Sort Array by Parity in Java

This problem sounds like sorting, but the real job is partitioning. We do not need the even numbers in ascending order or the odd numbers in ascending order. We only need the array divided into two groups: evens first, odds after.

Once you notice that, the problem becomes a clean two-pointer partition instead of an unnecessary full sort.

Quick Summary

The core invariant is: everything before left is already in the even region, and everything after right is already in the odd region.

Problem Statement

Given an integer array nums, reorder it in place so that all even numbers appear before all odd numbers. Any valid arrangement is acceptable.

That last sentence matters a lot. It removes the need for stability and removes the need for real sorting.

The Right Mental Model

Think of the array as three regions:

[ confirmed evens | unknown region | confirmed odds ]
         left                        right

left moves forward looking for the first odd value that does not belong in the even prefix. right moves backward looking for the first even value that does not belong in the odd suffix. When both pointers stop, those two values are misplaced relative to the partition, so we swap them.

That is the same pattern behind many in-place partition problems:

• move all negatives to one side
• partition around a pivot
• group values by a binary property

Java Solution

class Solution {
    public int[] sortArrayByParity(int[] nums) {
        int left = 0;
        int right = nums.length - 1;

        while (left < right) {
            while (left < right && nums[left] % 2 == 0) {
                left++;
            }

            while (left < right && nums[right] % 2 != 0) {
                right--;
            }

            int temp = nums[left];
            nums[left] = nums[right];
            nums[right] = temp;
        }

        return nums;
    }
}

Why This Works

When nums[left] is even, it already belongs in the left partition, so moving left forward is always safe.

When nums[right] is odd, it already belongs in the right partition, so moving right backward is always safe.

When both loops stop:

• nums[left] is odd and sitting too far left
• nums[right] is even and sitting too far right

Swapping them fixes both mistakes at once.

Every iteration shrinks the unknown region. That is why the algorithm finishes in linear time.

Dry Run

Input:

[3, 1, 2, 4]

Initial state:

• left = 0
• right = 3

Step 1:

• nums[left] = 3, so left stops immediately
• nums[right] = 4, so right stops immediately
• swap indices 0 and 3

Array becomes:

[4, 1, 2, 3]

Step 2:

• left moves from index 0 to 1 because 4 is already even
• nums[left] = 1, so left stops
• right moves from index 3 to 2 because 3 is already odd
• nums[right] = 2, so right stops
• swap indices 1 and 2

Array becomes:

[4, 2, 1, 3]

Now left and right cross, so we stop. This is a valid answer because every even number is before every odd number.

Common Mistakes

Treating it like a real sort

If you call a general sorting API with a parity-based comparator, you are solving a simpler problem with a heavier tool. The partition solution is both faster and easier to explain.
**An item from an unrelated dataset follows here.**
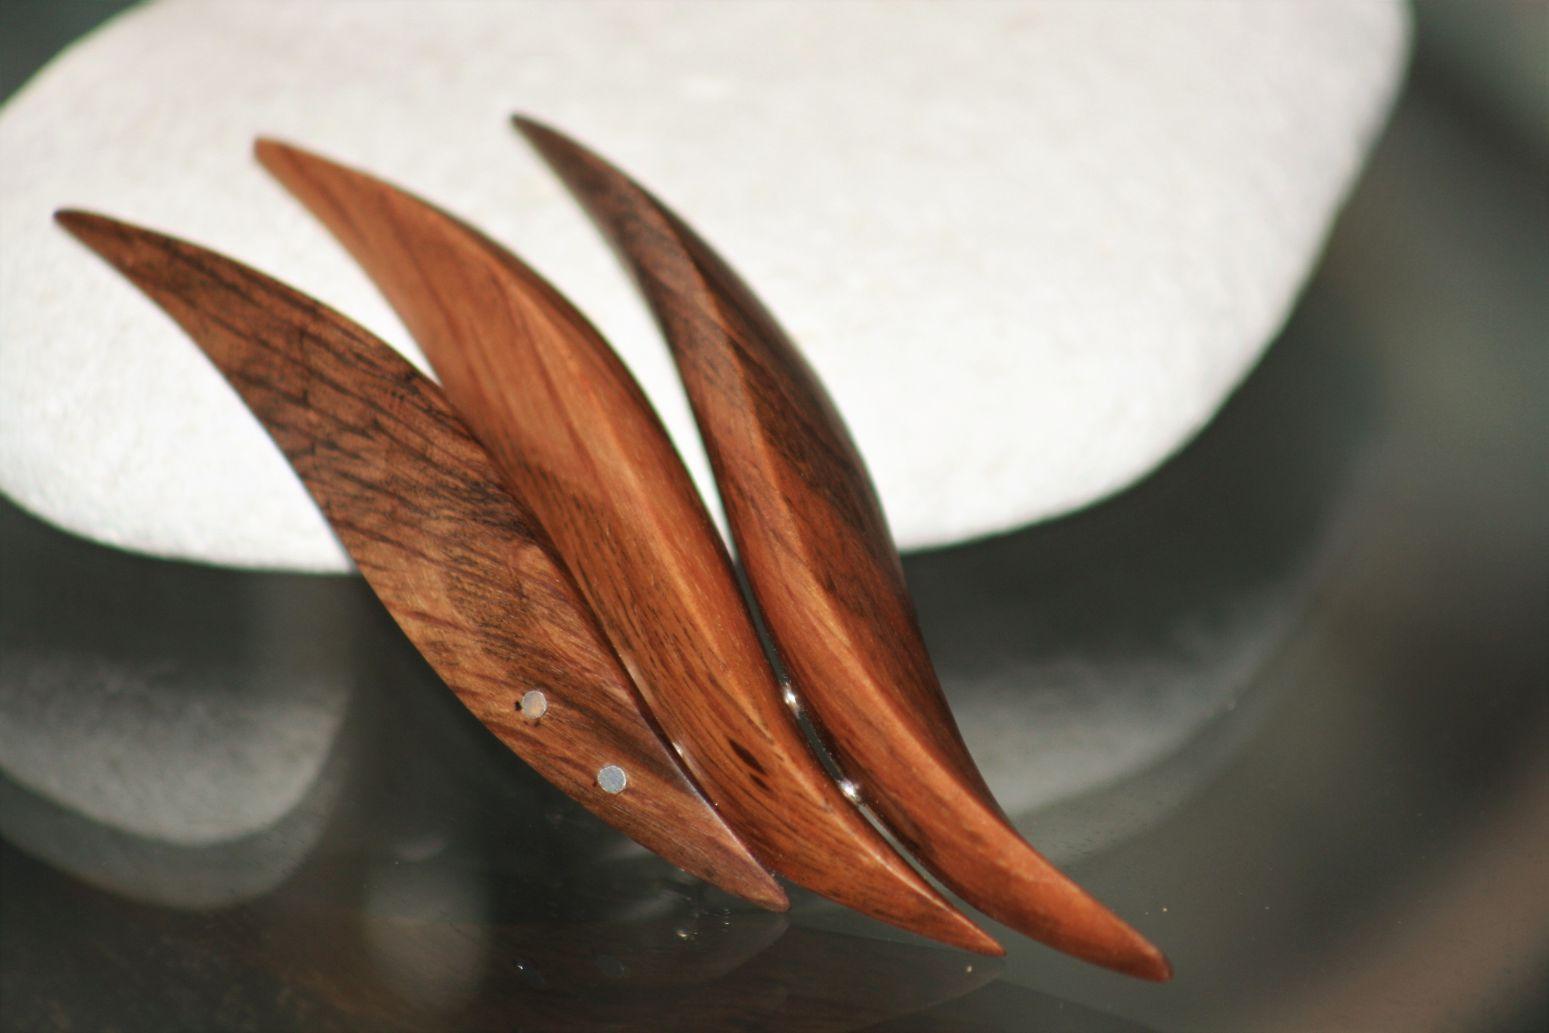 wooden brooches jewellery Marina Mediterranean holm oak wood unique handmade sanisio artist design black oak jewelry

Forgetting the inner left < right guards

Without those guards, one pointer can run past the other and cause unnecessary swaps or index mistakes.

Assuming stability

This in-place partition does not preserve the original order among evens or among odds. That is fine here because the problem does not require it.

Not naming the invariant

If you only say “use two pointers,” the solution sounds memorized. A stronger explanation is: “Everything before left is already valid even-region output, and everything after right is already valid odd-region output.”

Stable Variant

If the requirement changed to: “keep the original order of evens and keep the original order of odds,” then this in-place approach is no longer the best fit.

A simple stable version is:

1. collect evens in order
2. collect odds in order
3. write them back

That uses O(n) extra space, but it preserves order and keeps the reasoning simple.

This tradeoff appears often in interviews: in-place partition is great when order does not matter, but stability usually costs extra memory or more complex rotation logic.

Boundary Cases

• all even: array stays valid with no meaningful swaps
• all odd: array stays valid with no meaningful swaps
• one element: already partitioned
• alternating parity: pointers will perform multiple swaps, but still only linear work overall

Complexity

• Time: O(n)
• Space: O(1)

Each element is examined at most a small constant number of times. No auxiliary array is needed.

What This Pattern Generalizes To

This is one example of a broader interview pattern: binary partition with two pointers.

The same reasoning helps with:

• partitioning values around a pivot
• moving zeroes or negatives into a target region
• grouping values by a yes/no predicate

The reusable lesson is: once each element belongs to one of two regions, opposite-direction pointers are often enough.

Key Takeaways

• The word “sort” is misleading here. This is a partition problem.
• The invariant is more important than the code: even prefix on the left, odd suffix on the right.
• In-place partition is optimal when stability is not required.
• If order inside each group matters, use a different approach instead of forcing stability into the swap-based version.